Nance, who has served in the position since 2003, will remain as superintendent until his contract ends on July 31, then will return to teaching in the coming school year.
He and the board had reached a “conceptual agreement” at a meeting earlier this month that he might step down.
“I accepted the board’s offer to go back into the classroom and teach math or the sciences,” Nance said in his prepared statement. “My passion through college was to teach students.
Opportunities were made available to me during my career to lead, and my leadership instincts and competitive nature took precedent over my love of teaching.”
Nance looked back on his time in the position.
“I have enjoyed my years as leader of the entire district,” he said. “However, I am willing to focus my efforts on helping students in the classroom. When I started as superintendent of Ironton City Schools in 2003, the general fund balance was -$785,000. I was blessed with the opportunity to work with Patty Wade, treasurer, and Bill Dressel, federal programs director, to repair the district’s financial solvency.”

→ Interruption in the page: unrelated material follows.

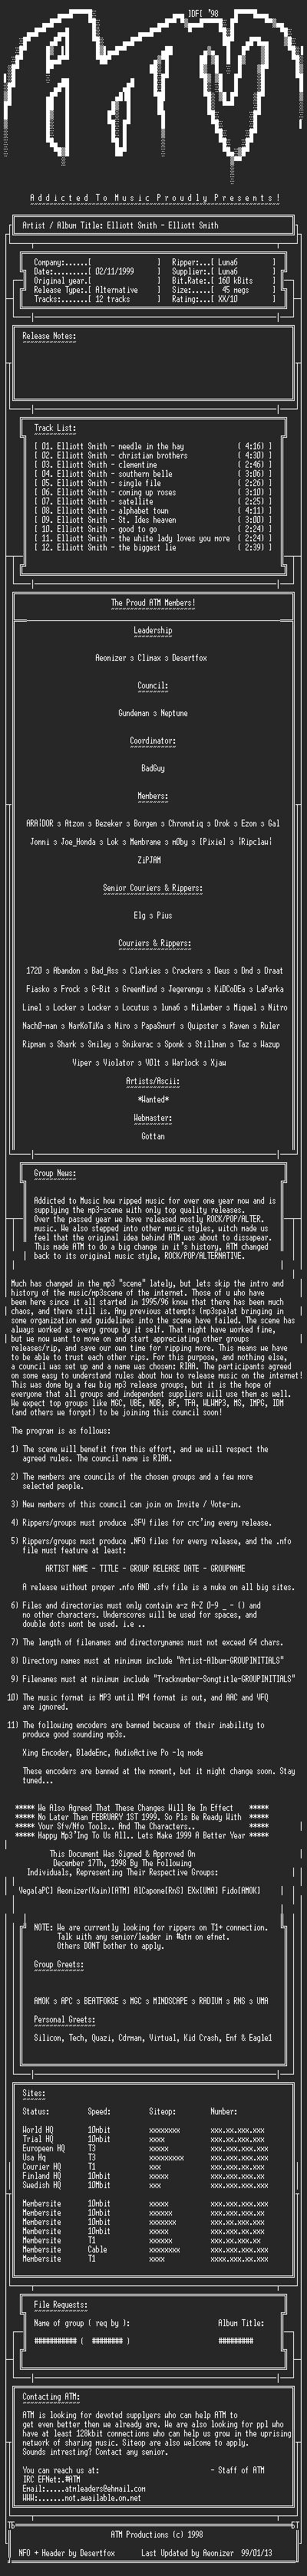 NFO file for Elliot_Smith_-_Self_Titled_-_(1994)_-_ATM

Nance also cited construction projects, which he said were completed under budget and “provided our students with state-of-the-art facilities” and cited leadership awards the schools has earned under his tenure.
“I feel fortunate to have been at the helm during the renovation of Tanks Stadium and the turf field, construction of new baseball/softball facilities, installation of the wood gym floor and new bleachers in the Conley Center, and refurbishment of the community track,” he said. “I have enjoyed my time as superintendent.”

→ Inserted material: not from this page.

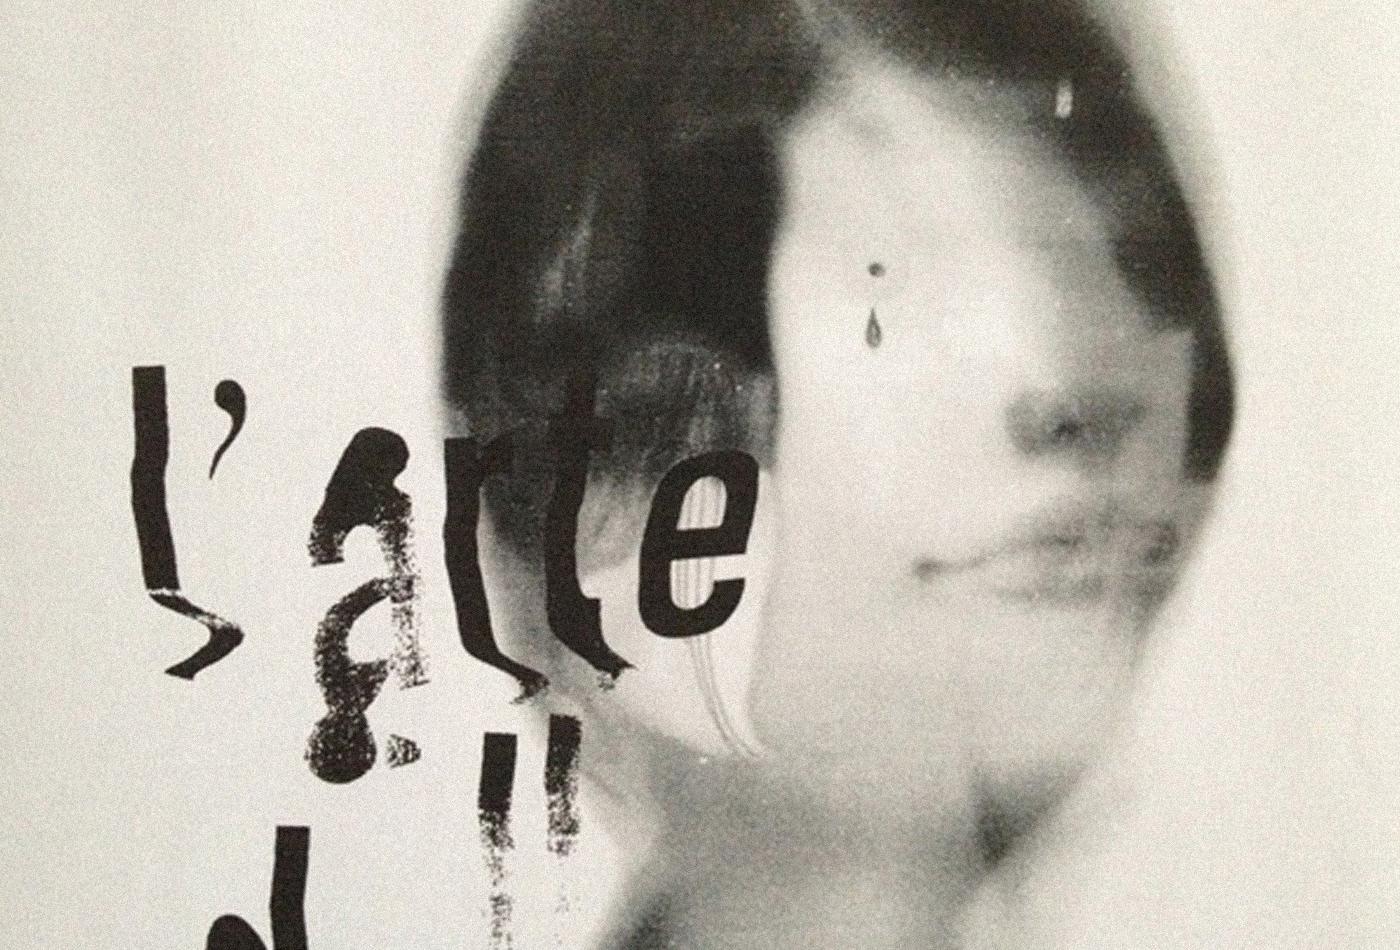 01-theatre-poster-manifesto-illustration-vacaliebres

Monday’s board meeting drew a large crowd, many of whom signed up to speak during the public comment period of the night, which took place before the announcement of Nance’s future.

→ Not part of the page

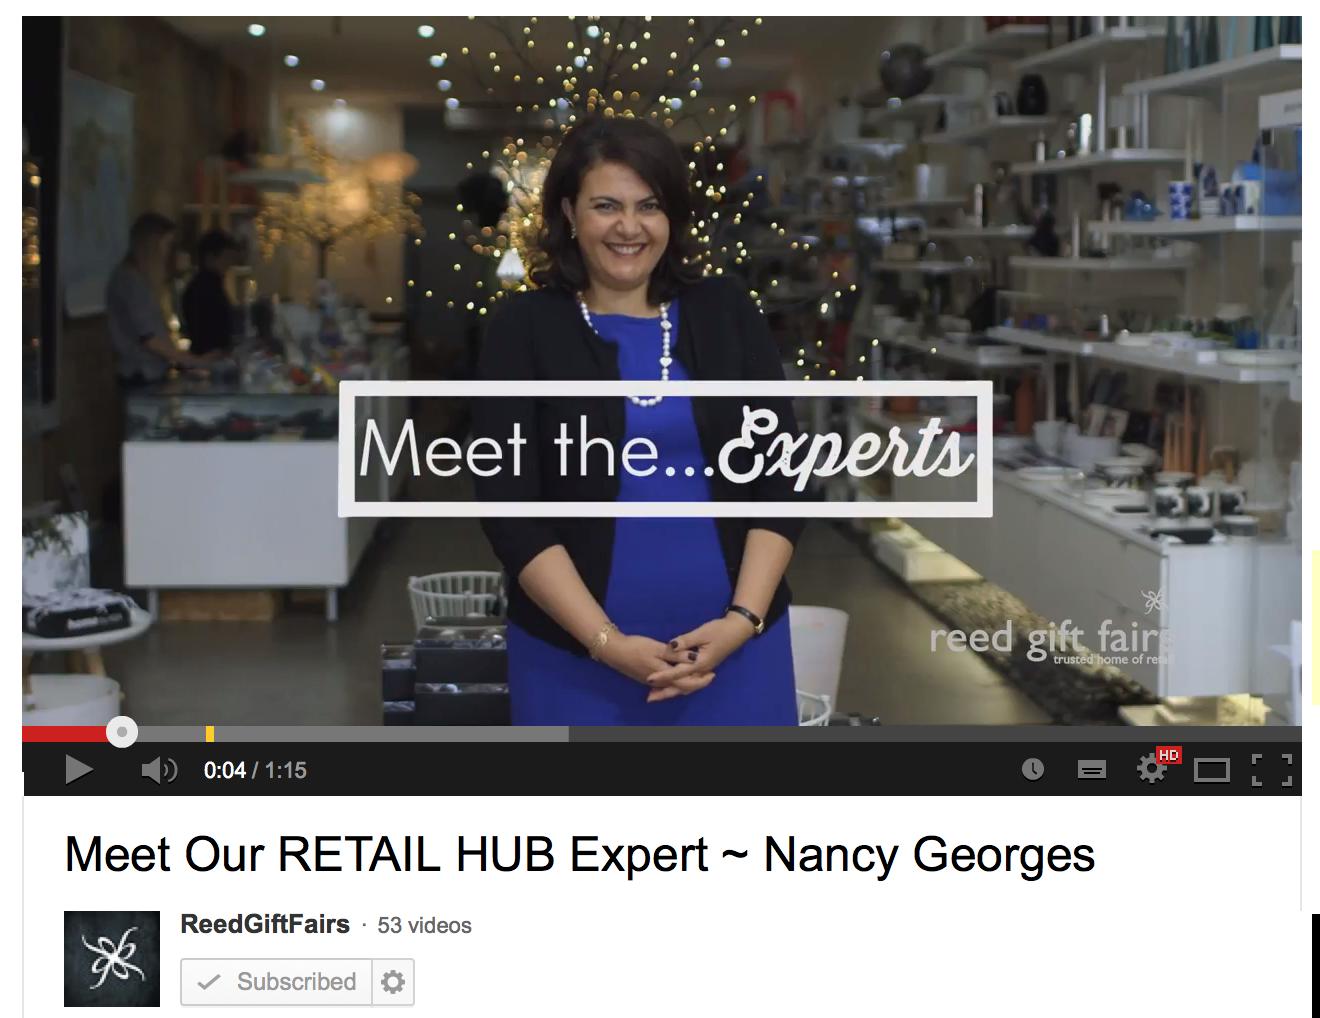 Nancy Georges at Reed Gift Fairs Retail Hub

One of those speaking was Eric Barnes, the pastor of First Baptist Church in Ironton.
“I’m not here to see anyone hired or fired,” he said, citing his long involvement with the schools.
However, he said though he had no doubts of the commitment of those working in the schools “things must change across the board.”
“Our kids should not be controlled by state testing,” he said, stating that students were being asked to diagram sentences before learning to read and that science was being taught before such fundamentals.
Barnes said he would give the advice he would give his congregation, if his church were facing similar issues.
“Don’t let your love for me hinder you,” he said he would tell them.
Many of those speaking cited what they felt was the poor state of the athletic program, and several student athletes took the microphone.
“We’re being cheated and not being given the best opportunity,” Tyler Malone said. “Too many coaches play favorites. Everything is being taken away.”
Malone said he did not feel athletics at the school were living up to the school’s motto of “community pride” and took issue with personnel changes in the program.
“Getting rid of Coach Red (Burcham) and the staff? That was dumb,” he said. “I learned a lot from him and he taught us to stand up to do what was right.”
Another who attended was Lawrence County Prosecutor Brigham Anderson, who said he was there to speak, unofficially, on behalf of coaches and teachers.
He said the coaches were dedicated to the school and called on the board to work with them to address problems.
“If there’s an issue, let’s solve it,” he said. “As a board, bring them in, talk to them and correct the problem.”
Anderson said “doing nothing” was unacceptable.
“Terminating one or all of the coaches isn’t the answer,” he said.
The board also heard from Betty Smith, who said she was there because she had heard the board was going to subcontract and outsource school jobs.
Board president Tim Johnson assured her this was not the case.
“It is a rumor and a lie,” he said of the topic. “We are not outsourcing jobs.”
Following the public comment period, the board went into a lengthy executive session, to discuss Nance’s situation before making the news public.
In other business, the board:
• Approved minutes from the last meeting, as well as a financial report.
• Heard a presentation from Shawn Koster, who is seeking board approval for a booster group to raise money to install handicapped equipment at Beechwood Park.
• Koster said his group would have 501(c)(3) status by the end of the week and presented the board with a poster showing plans for the park.
Johnson asked Koster if the matter could be tabled until February, when the status of the group would be in order, to which he agreed.
Johnson said the board would possibly vote on the matter at the next meeting and expressed his support for the park plans.
“I think it’s a great opportunity for the school district,” he said.